## Exercise directions
Pull out the lines from the one containing "Discover the 8,000+" through the final line of the listing below and repeat them exactly. Leave the pictures behind.

## Data block
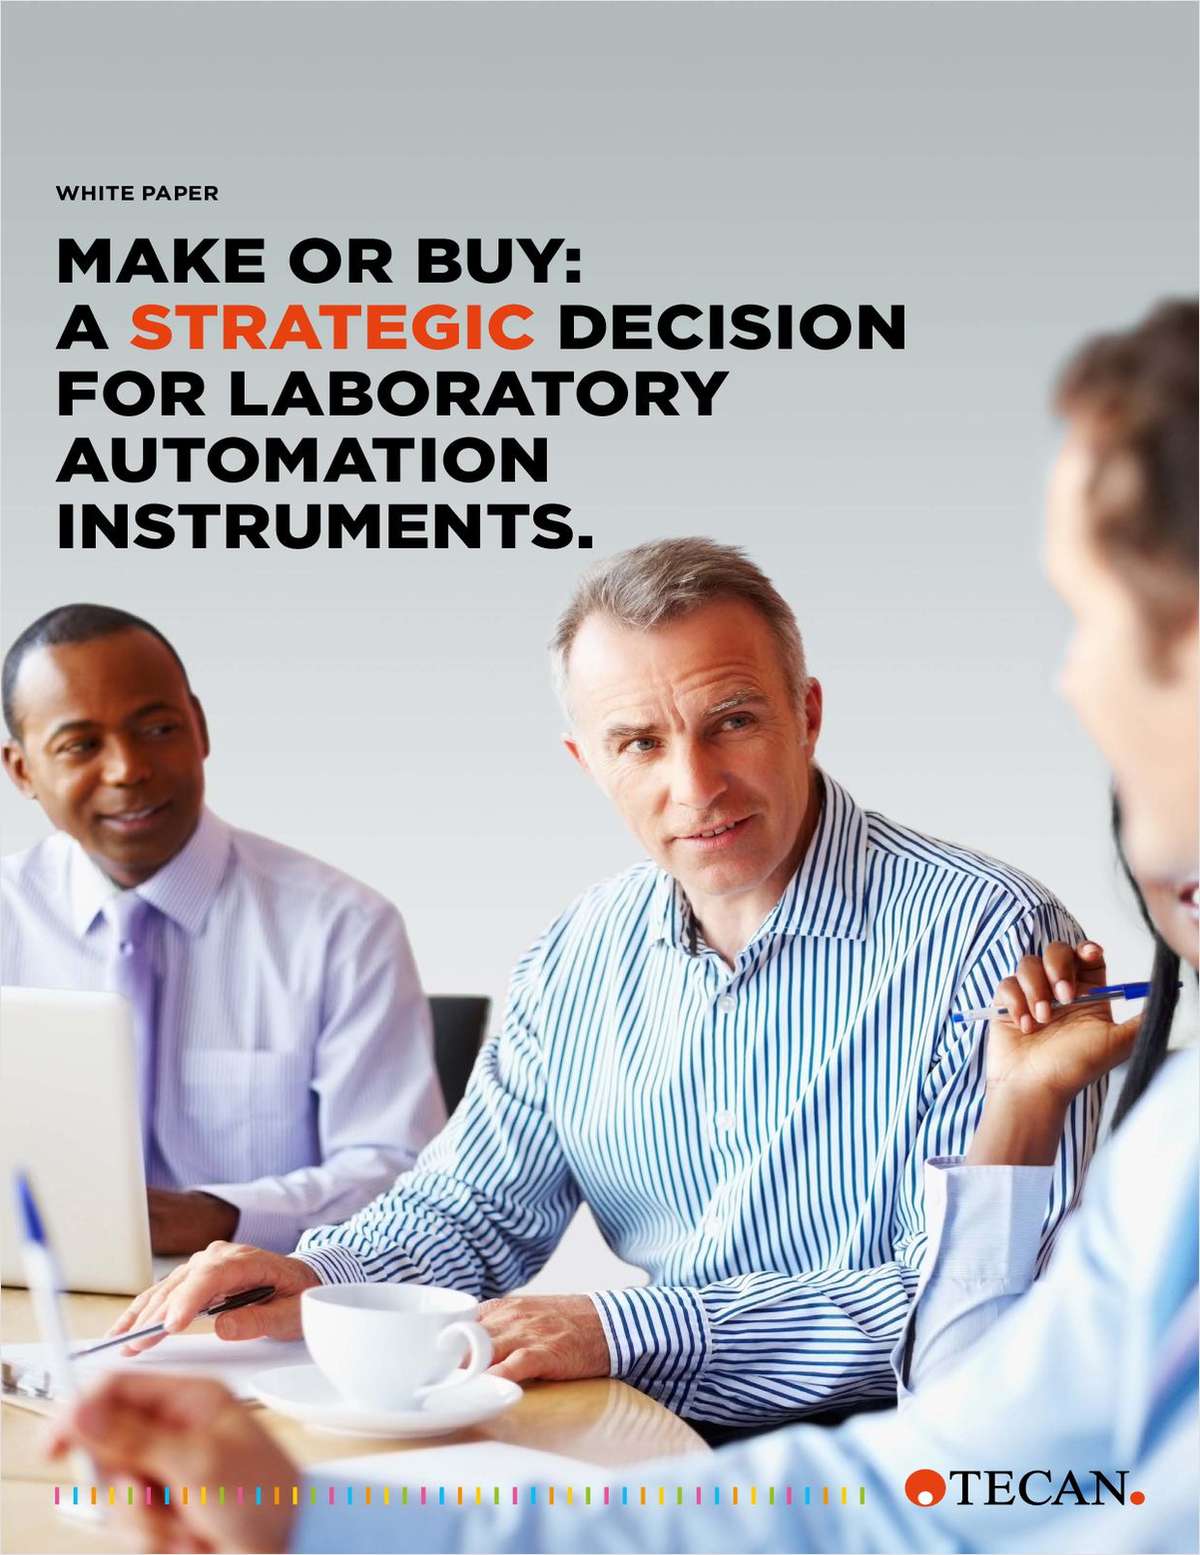 Make Or Buy: A Strategic Decision for Laboratory Automation Instruments
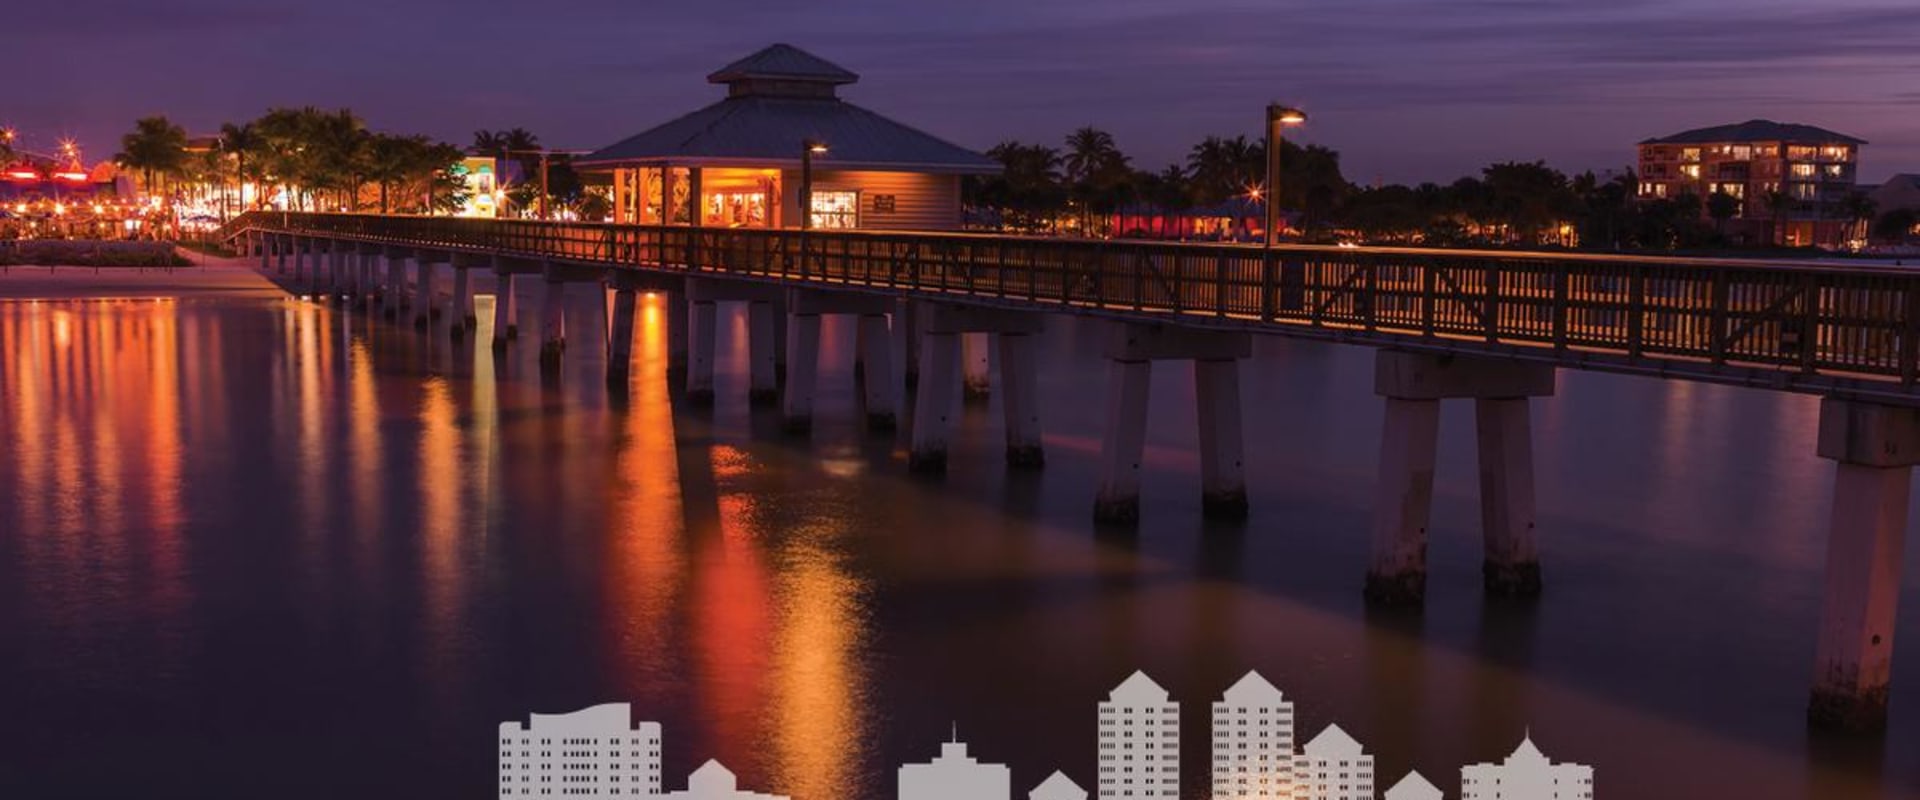 Discover the 8,000+ Businesses in Lee County, Florida
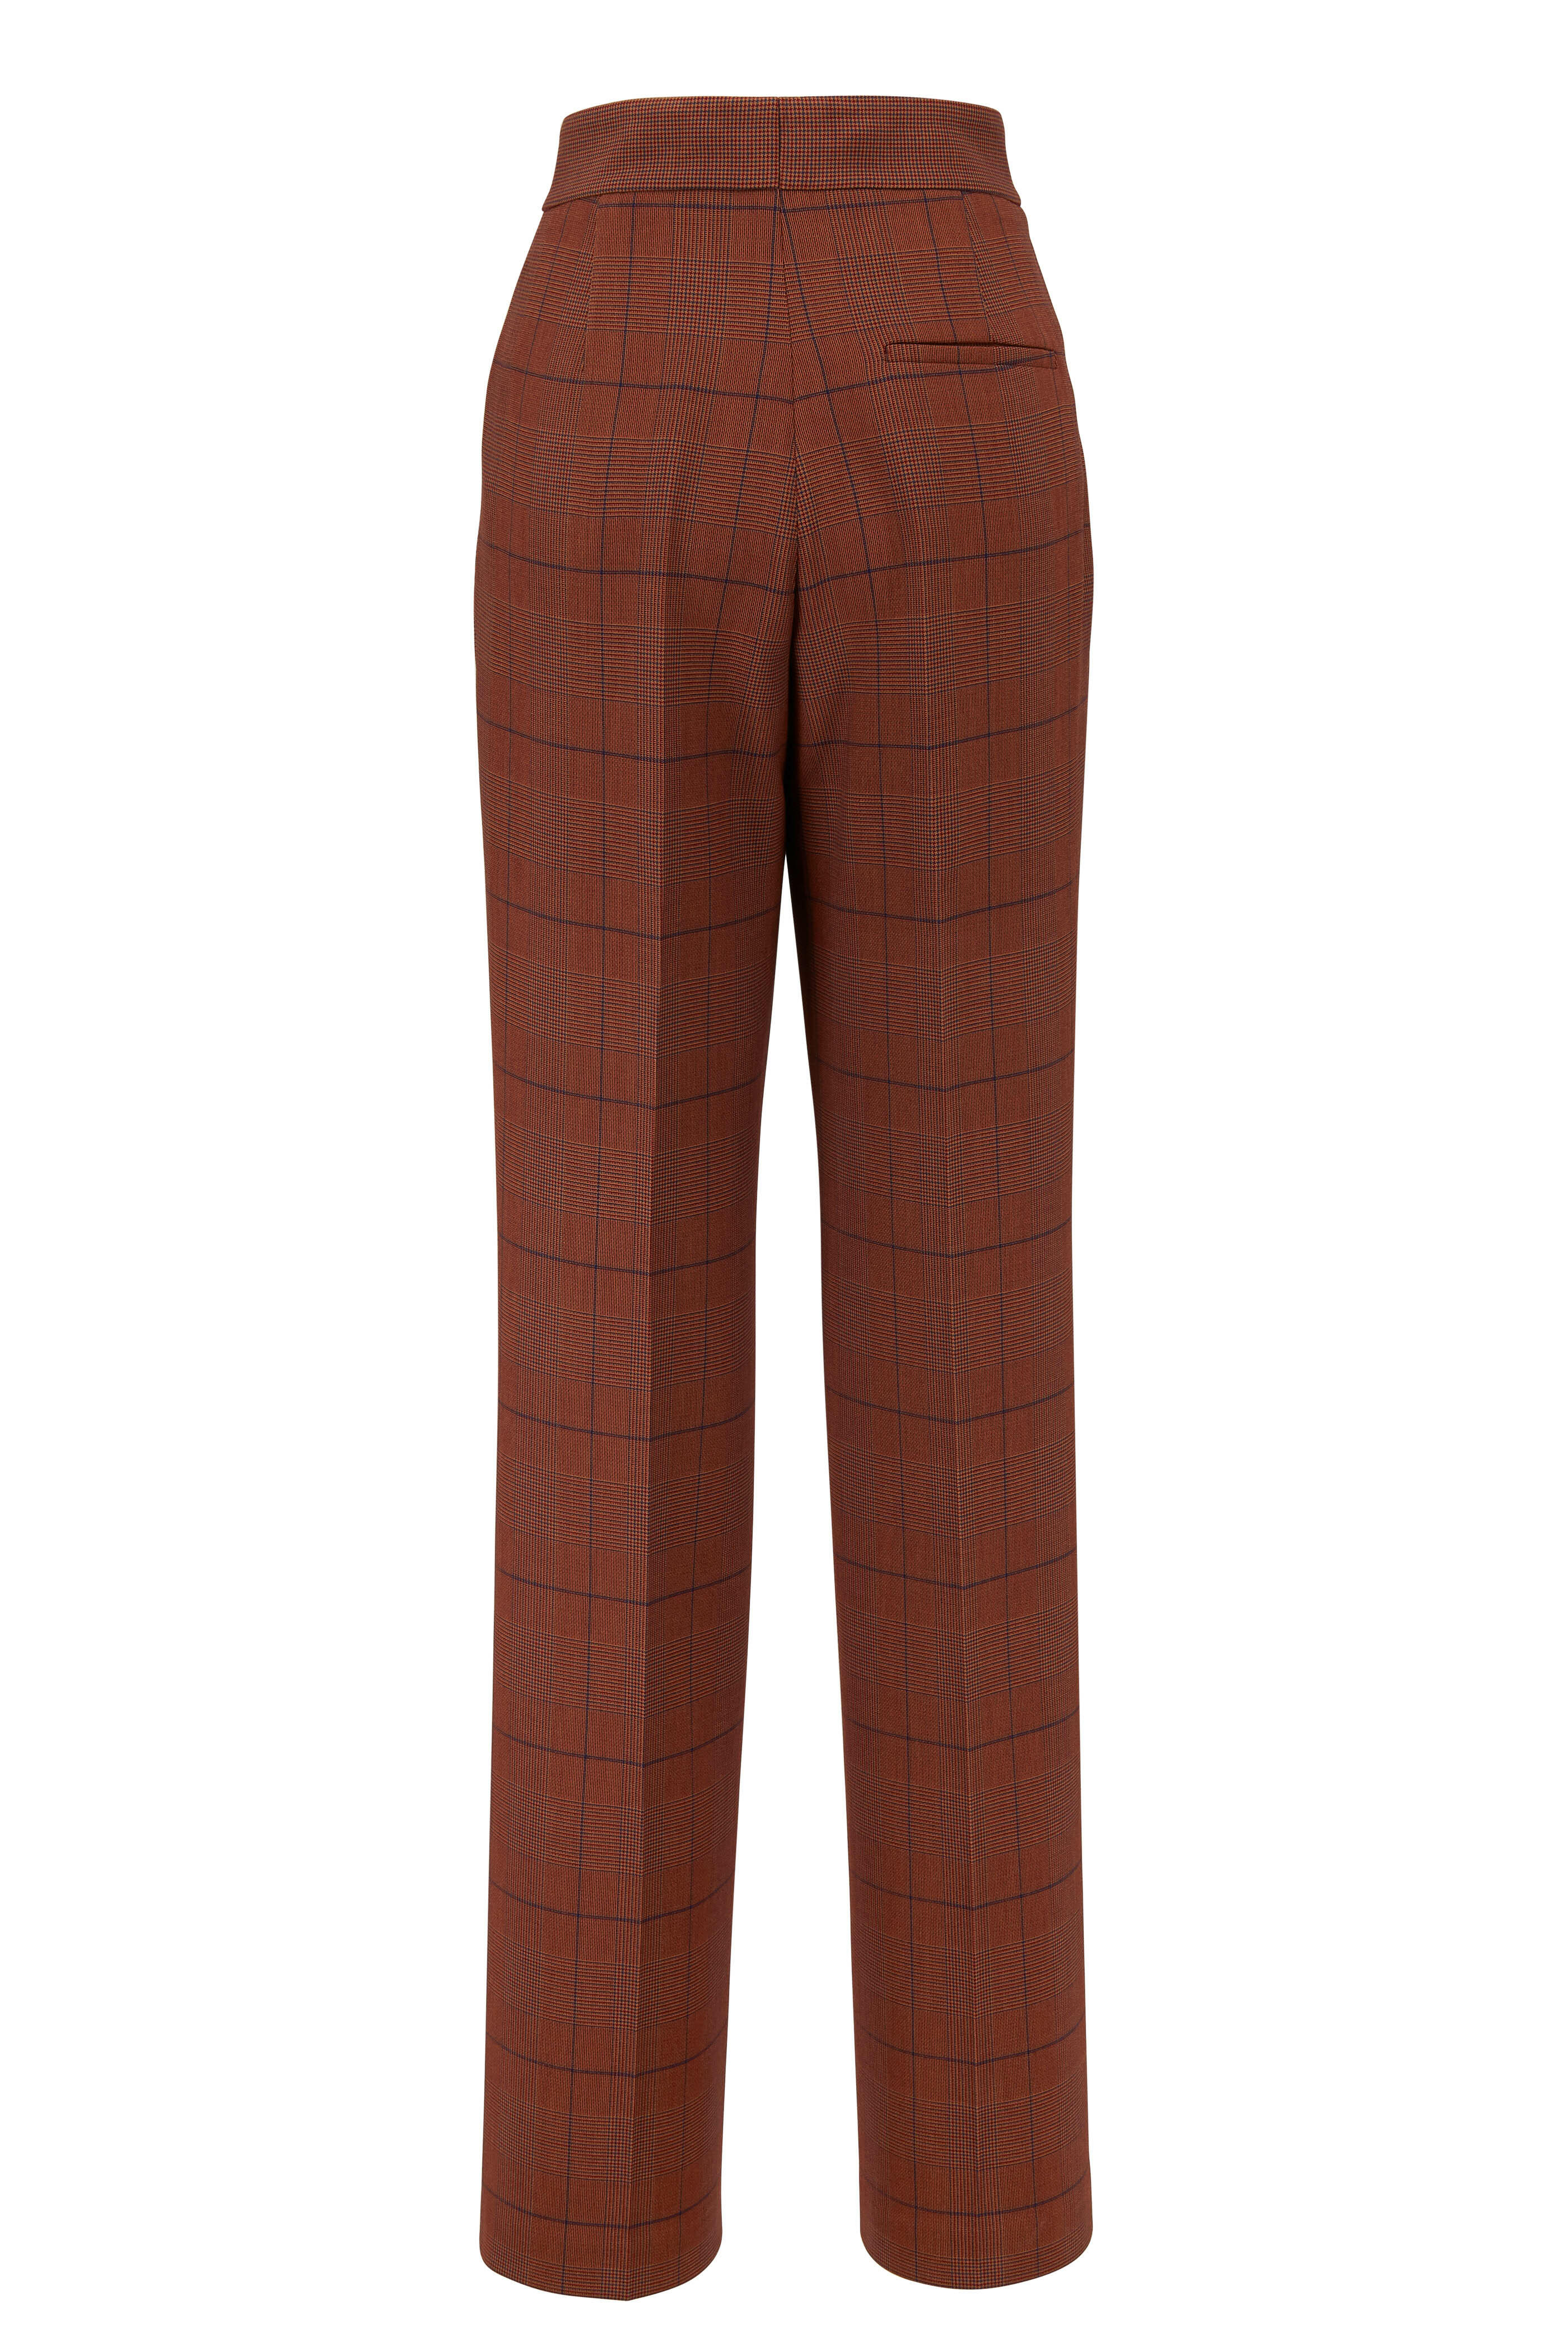 Women's Brown Plaid Pants with Belt

## Reply
 Discover the 8,000+ Businesses in Lee County, Florida
 Women's Brown Plaid Pants with Belt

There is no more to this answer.